Influence of Graphene Reduction and Polymer Cross-Linking on Improving the Interfacial Properties of Multilayer Thin Films.

Abstract

Graphene is a versatile composite reinforcement candidate due to its strong mechanical, tunable electrical and optical properties, and chemical stability. However, one drawback is the weak interfacial bonding, which results in weak adhesion to substrates. This could be overcome by adding polymer layers to have stronger adherence to the substrate and between graphene sheets. These multilayer thin films were found to have lower resistance to lateral scratch forces when compared to other reinforcements such as polymer/clay nanocomposites. Two additional processing steps are suggested to improve the scratch resistance of these films: graphene reduction and polymer cross-linking.
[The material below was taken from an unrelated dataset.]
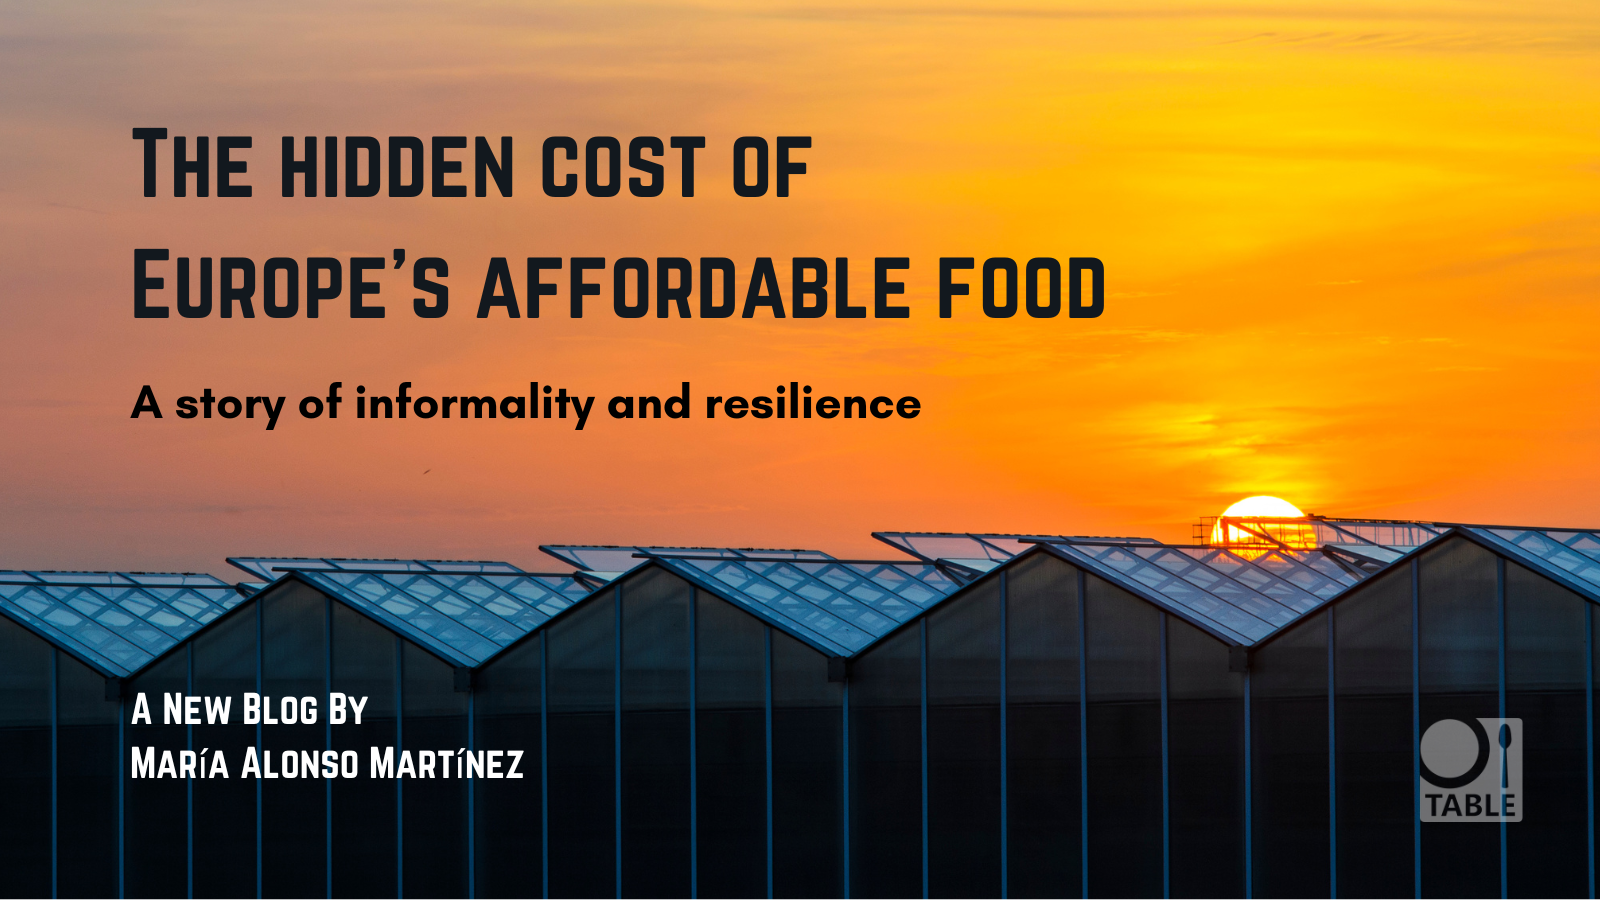 image of greenhouses in sunset, with text 'the hidden cost of Europe's affordable food'

Graphene/polymer nanocomposites consisting of polyvinylamine (PVAm) and graphene oxide (GO) were fabricated using the layer-by-layer assembly (LbL) technique. The reduced elastic modulus and hardness of PVAm/GO films were measured using nanoindentation. Reducing GO enhances mechanical properties by 60-70% while polymer cross-linking maintains this enhancement. Both graphene reduction and polymer cross-linking show significant improvement to scratch resistance. Particularly, polymer cross-linking leads to films with higher elastic recovery, 50% lower adhesive and plowing friction coefficient, 140 and 50% higher adhesive and shear strength values, respectively, and lower material pileup and scratch width/depth.